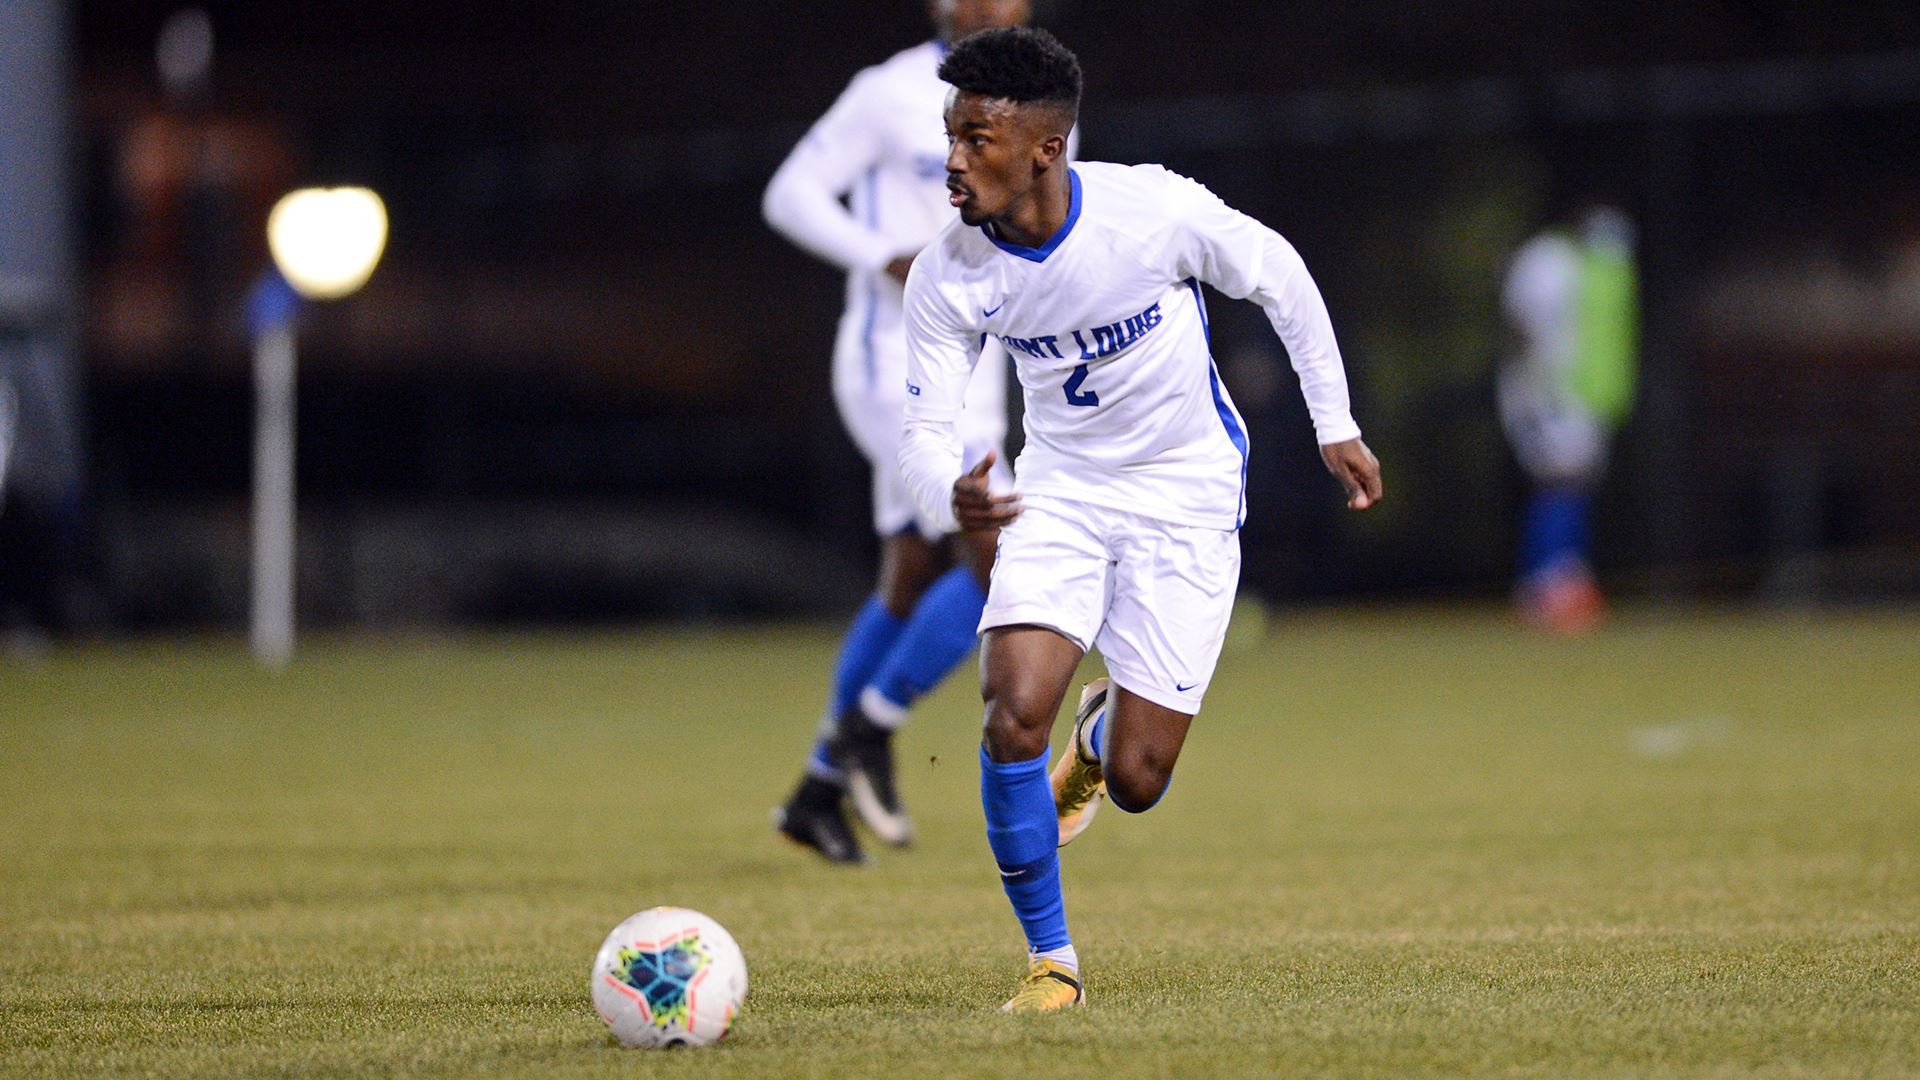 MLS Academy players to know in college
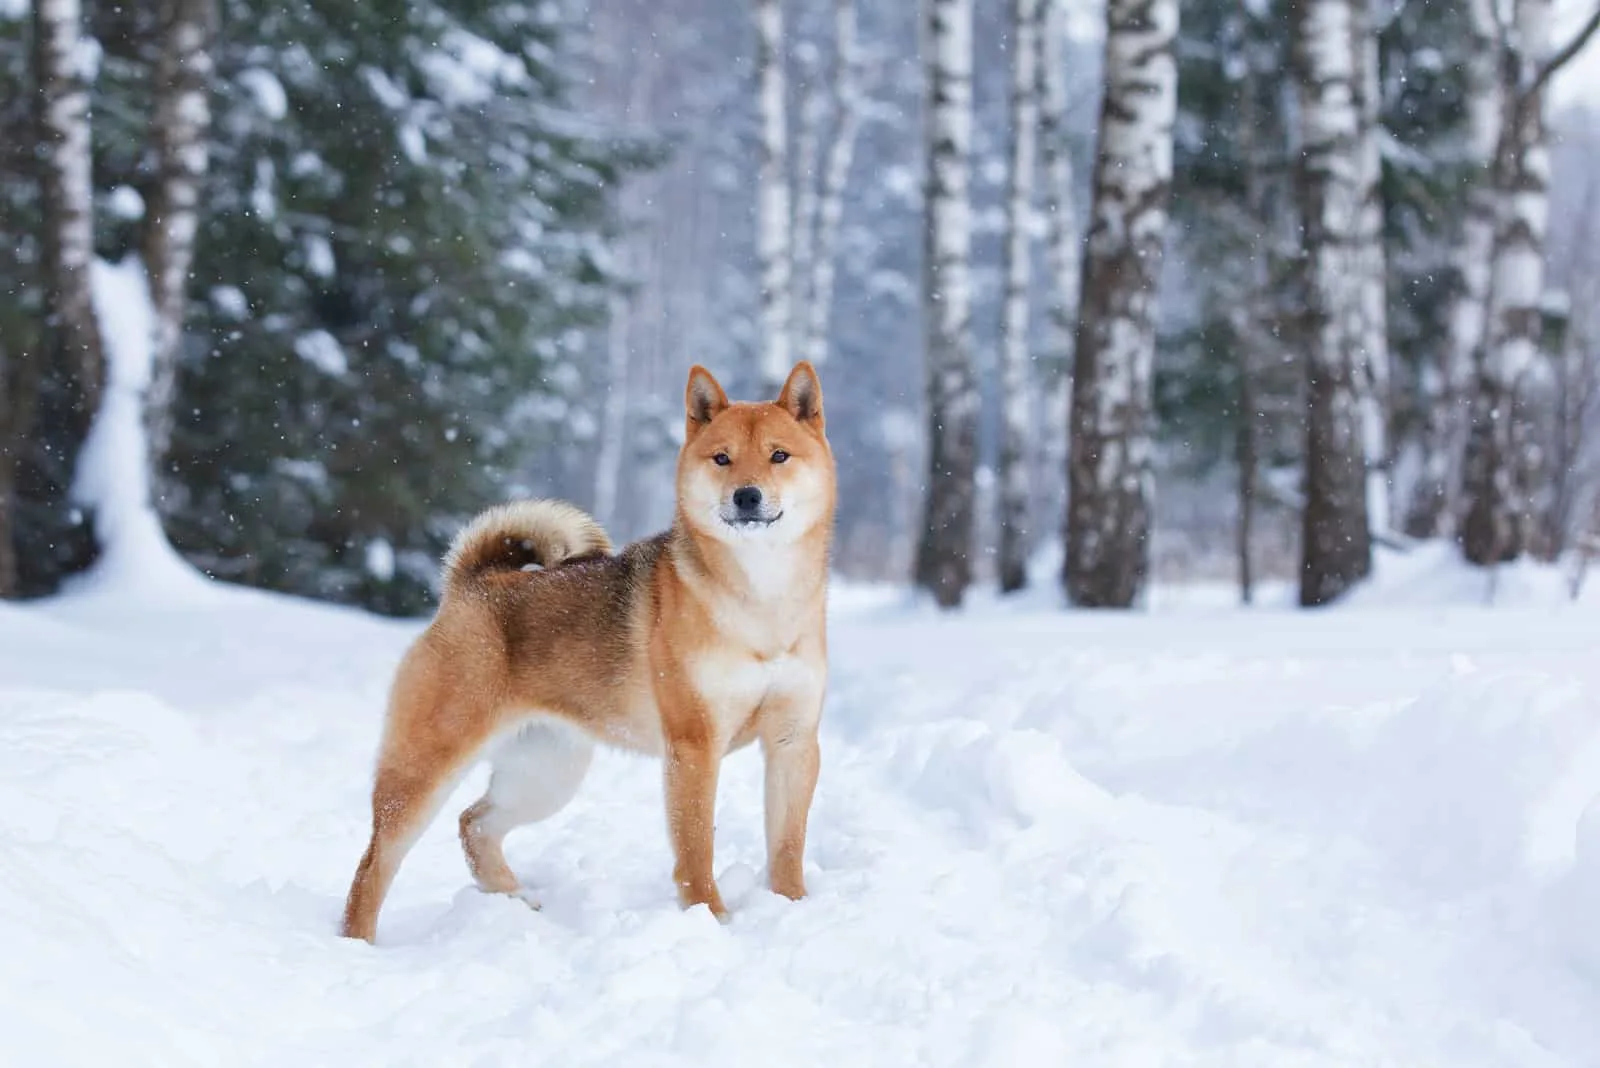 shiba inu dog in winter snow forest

------

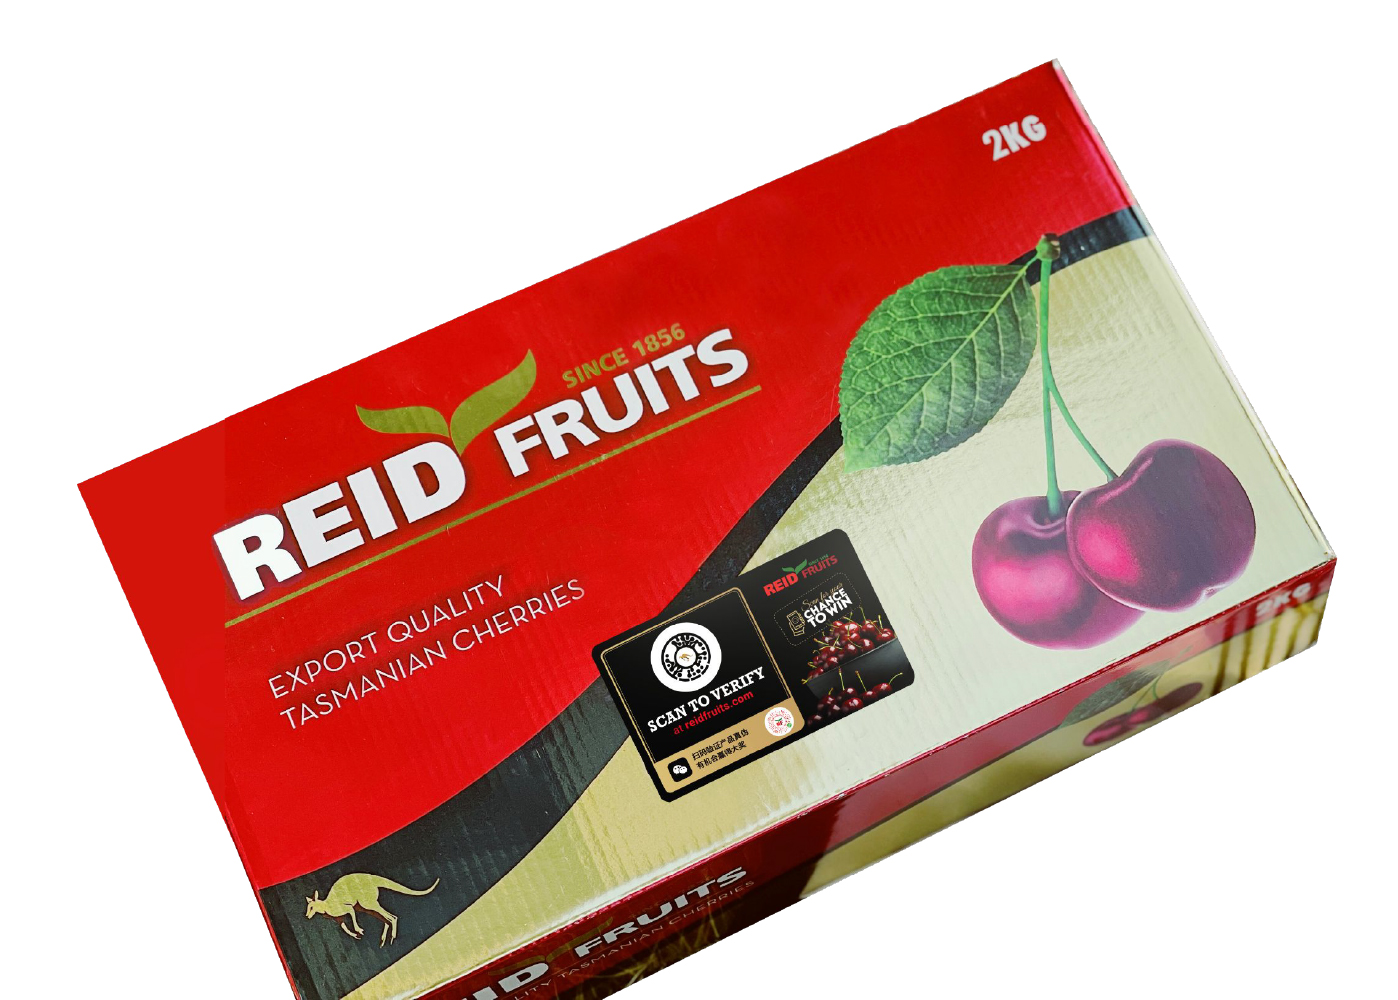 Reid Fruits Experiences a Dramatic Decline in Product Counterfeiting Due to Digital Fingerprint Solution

------

Your answer should be the lines above, word for word, from the line with "MLS Academy players to know in college" through the line with "shiba inu dog in winter snow forest", minus the pictures.

 MLS Academy players to know in college
 shiba inu dog in winter snow forest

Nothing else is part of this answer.